The samples were incubated in the Peroxidase Blocking Reagent (Dako, Denmark) for 10 min at room temperature prior to the antibody incubation. After 30 min incubation in 5% bovine serum albumin (Sigma Aldrich, Germany), the following primary antibodies were used (diluted in 1% bovine serum): mouse monoclonal anti-Ki67 (Clone MIB-1) at the concentration 1:75; monoclonal mouse anti-human cytokeratin (Clone MNF116) at the concentration 1:50; monoclonal mouse anti-human vimentin (Clone Vim 3B4) at the concentration 1:50; monoclonal mouse anti-human actin (Clone HHF35) at the concentration 1:50; polyclonal rabbit anti-S100 (ready to use solution) all obtained from Dako (Denmark); monoclonal mouse anti-p63 protein (Santa Cruz Biotechnology, USA) and monoclonal mouse anti-MUC1 (Abcam, United Kindgdom) at the concentration 1:10. According to the manufacturer's instructions the slides were incubated with antibodies at +4°C overnight or 1 hr at room temperature. For the staining the anti-mouse or anti-rabbit EnVision kits (Labelled Polymers consist of secondary anti-rabbit antibodies conjugated with the HRP enzyme complex obtained from Dako) were used. To develop the coloured product, the 3,3'-Diaminobenzidine (DAB) substrate was used (Dako). Finally, the haematoxylin was used for nuclei counterstaining.
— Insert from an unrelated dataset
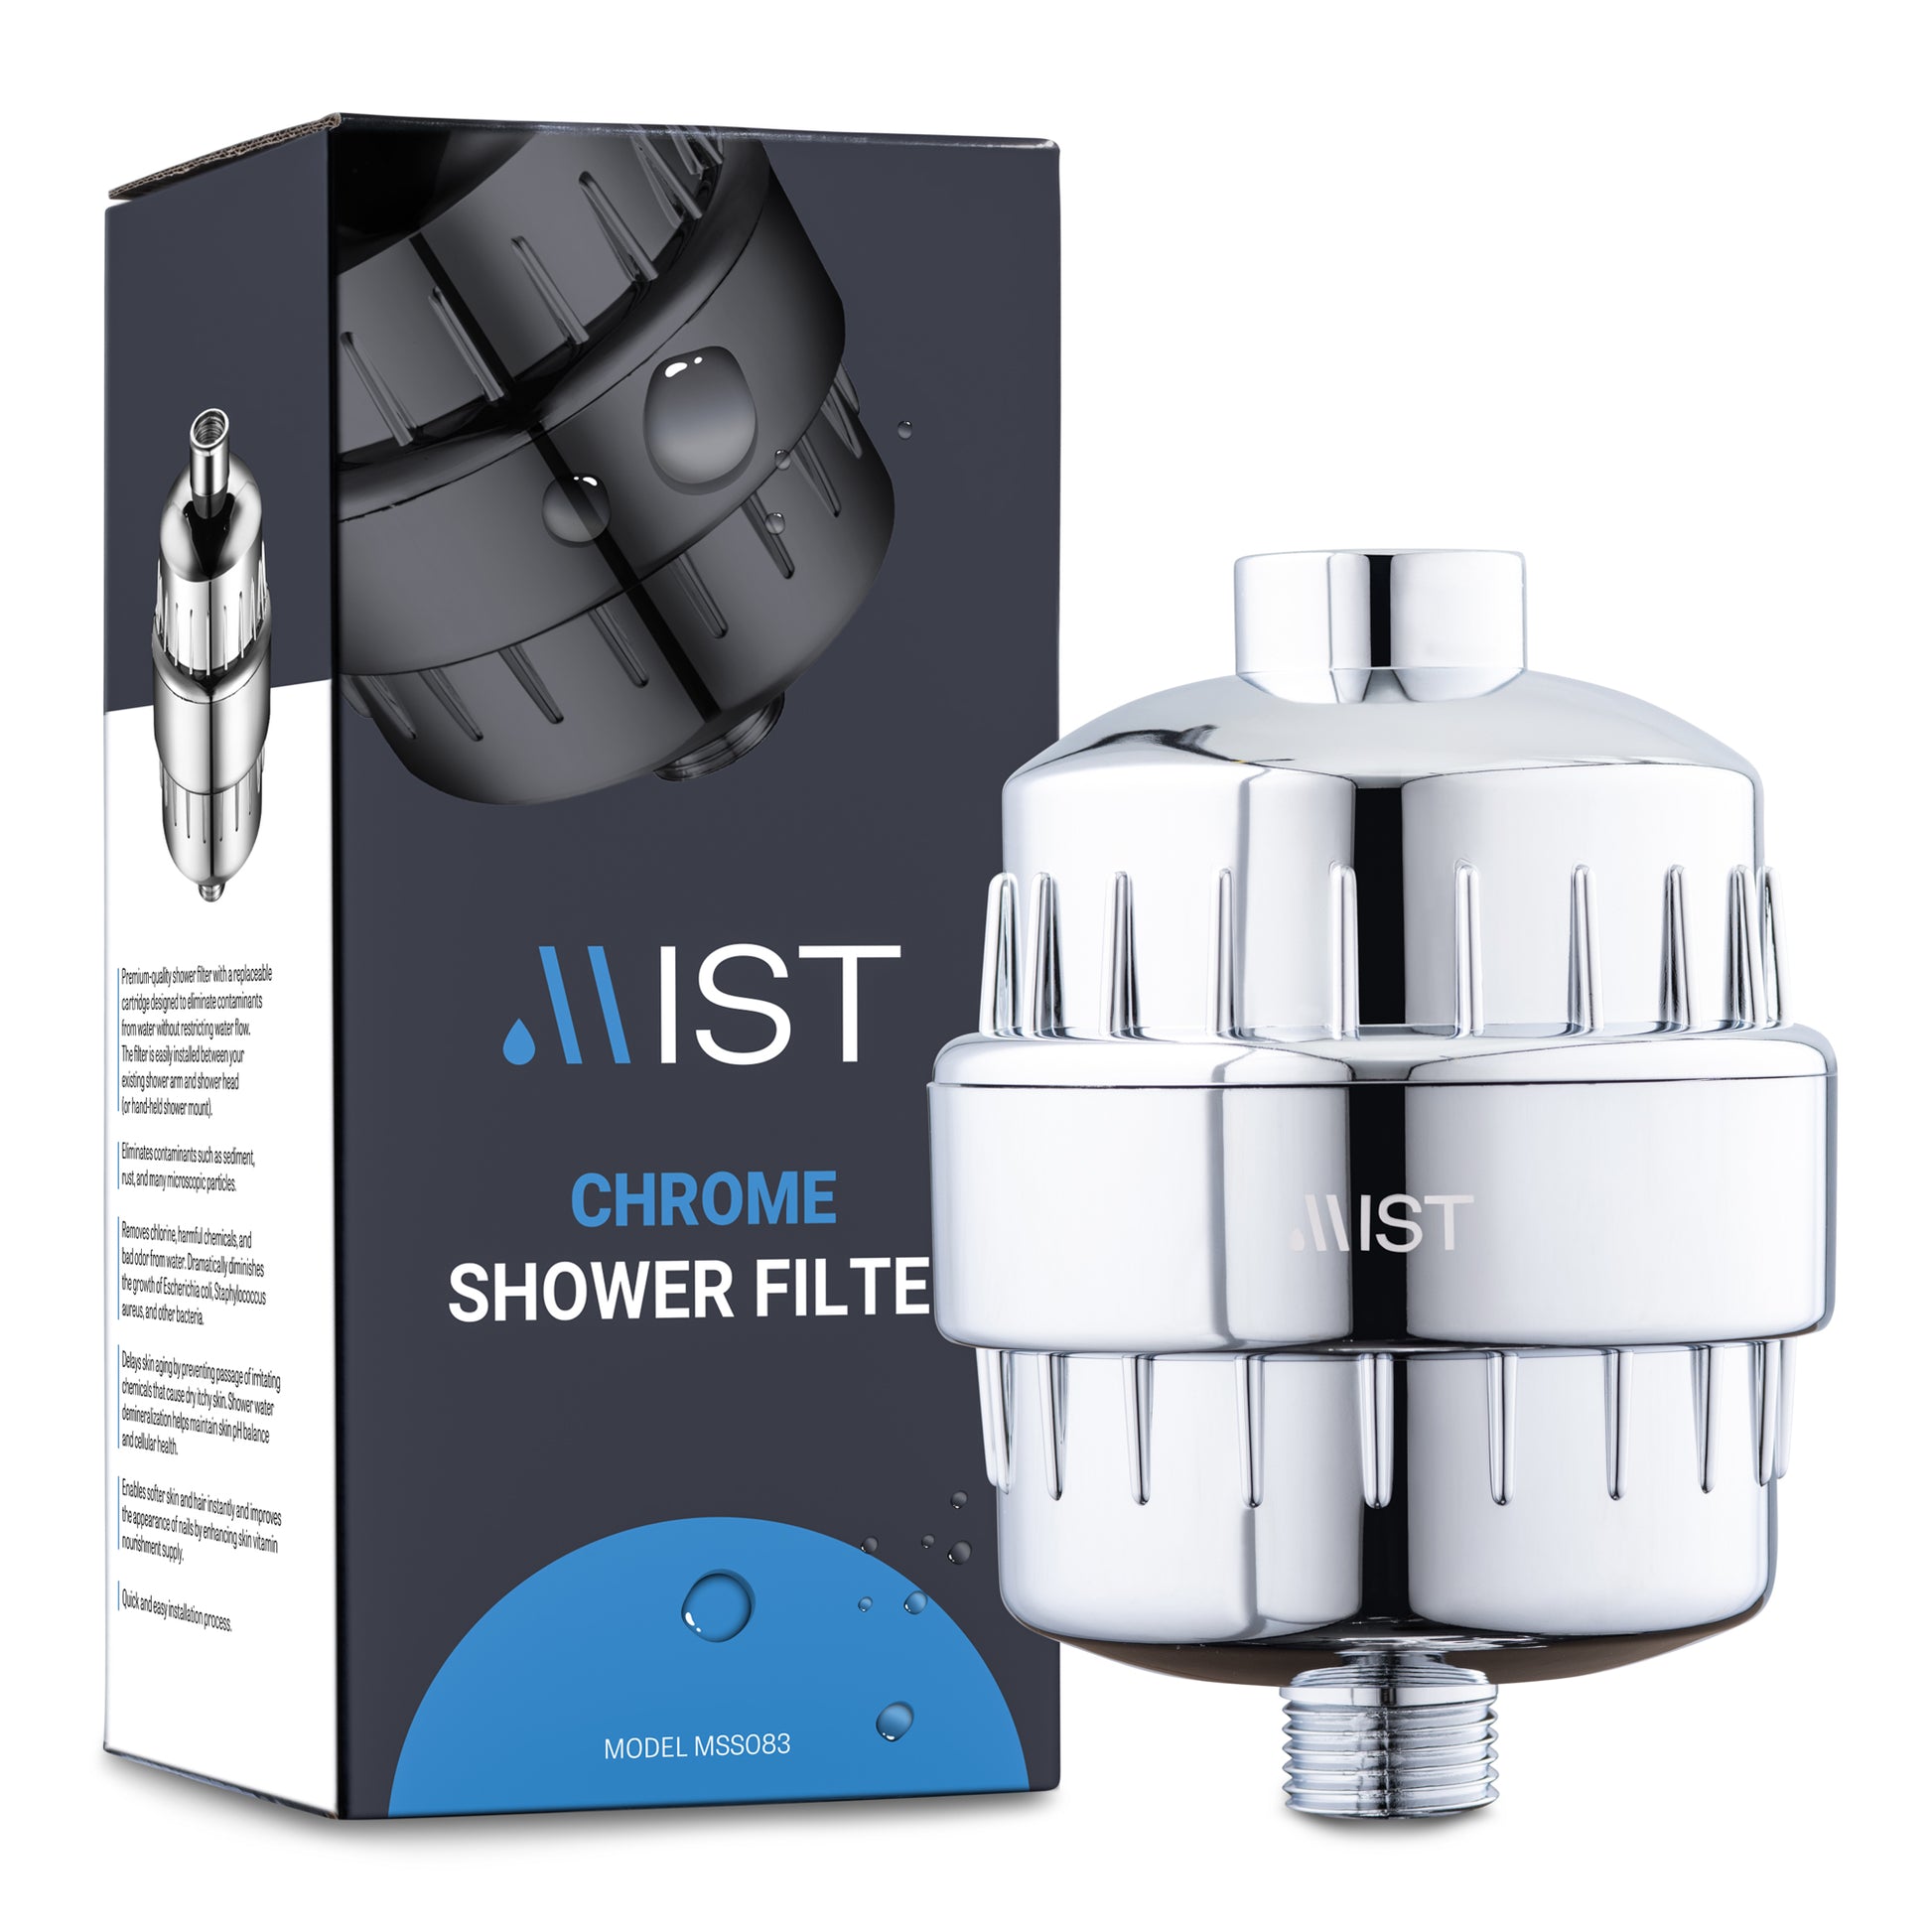 15 Stage Shower Filter - Water Softener Shower Head Filter With 2  Replaceable Multi-stage Filter Cartridges To Remove Chlorine, Heavy Metal
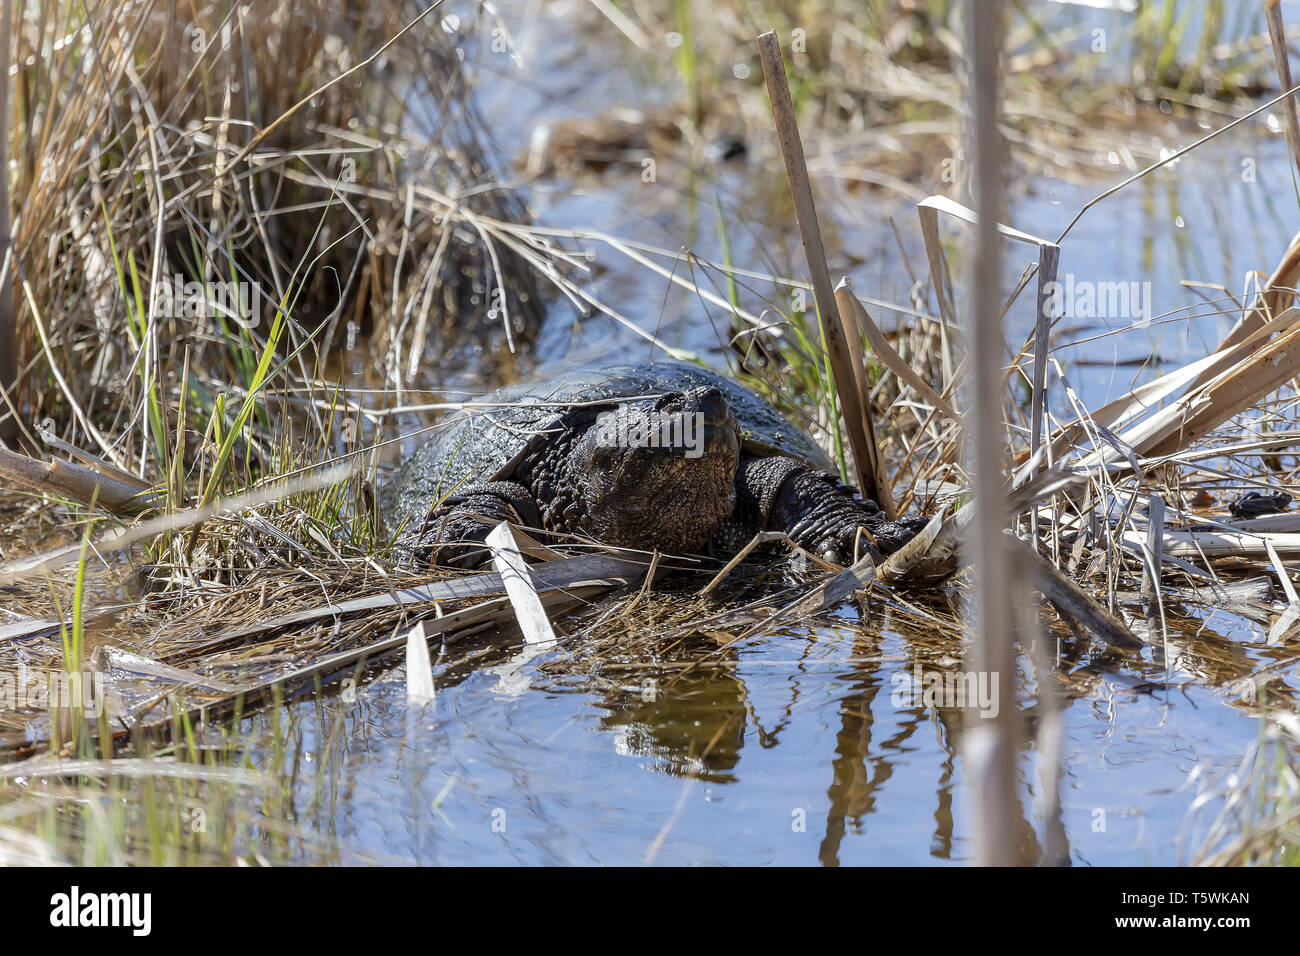 Old Common snapping turtle (Chelydra serpentina) in the conservation wildlife area in Wisconsin. Stock Photo

For each immunohistochemical analysis as the negative control, the staining without the use of primary antibodies was done. The pictures were taken using Olympus microscopy BX60 (Olympus, Germany).

Co-culture and sorting

The CAFs (105 cells) were grown on 75 cm2 culture flasks and the cancer cells (CMT-W1, CMT-W2, CMT-U27, CMT-U309, P114) were layered (5 × 105 cells) on the top of the CAFs (fibroblasts and cancer cells at 1:5 ratio [17]). An Orange CellTracker fluorescent dye CMTMR (Invitrogen, USA) was used to stain the CAFs' population before the cancer cell population was added. Initially, optimal staining conditions were determined by incubating CAFs in various concentrations of CMTMR (5-25 μM dye, according to the manufacturer's instructions) and checking the fluorescence signal after 72 hrs using FACS. The lowest concentration that gives positive results has been used in further experiments (5 μM). Staining was accomplished by incubation in serum/antibiotics-free RPMI medium containing 5 μM CMTMR (10 mM stock in DMSO; Sigma Aldrich, USA) for 45 min at 37°C. Subsequently, the medium was aspirated, and the CAFs were washed with PBS twice and incubated with complete RPMI for 1 hr and then again washed to remove any remnant non-metabolized CMTMR. The cancer cells were placed on the CMTMR-stained CAFs.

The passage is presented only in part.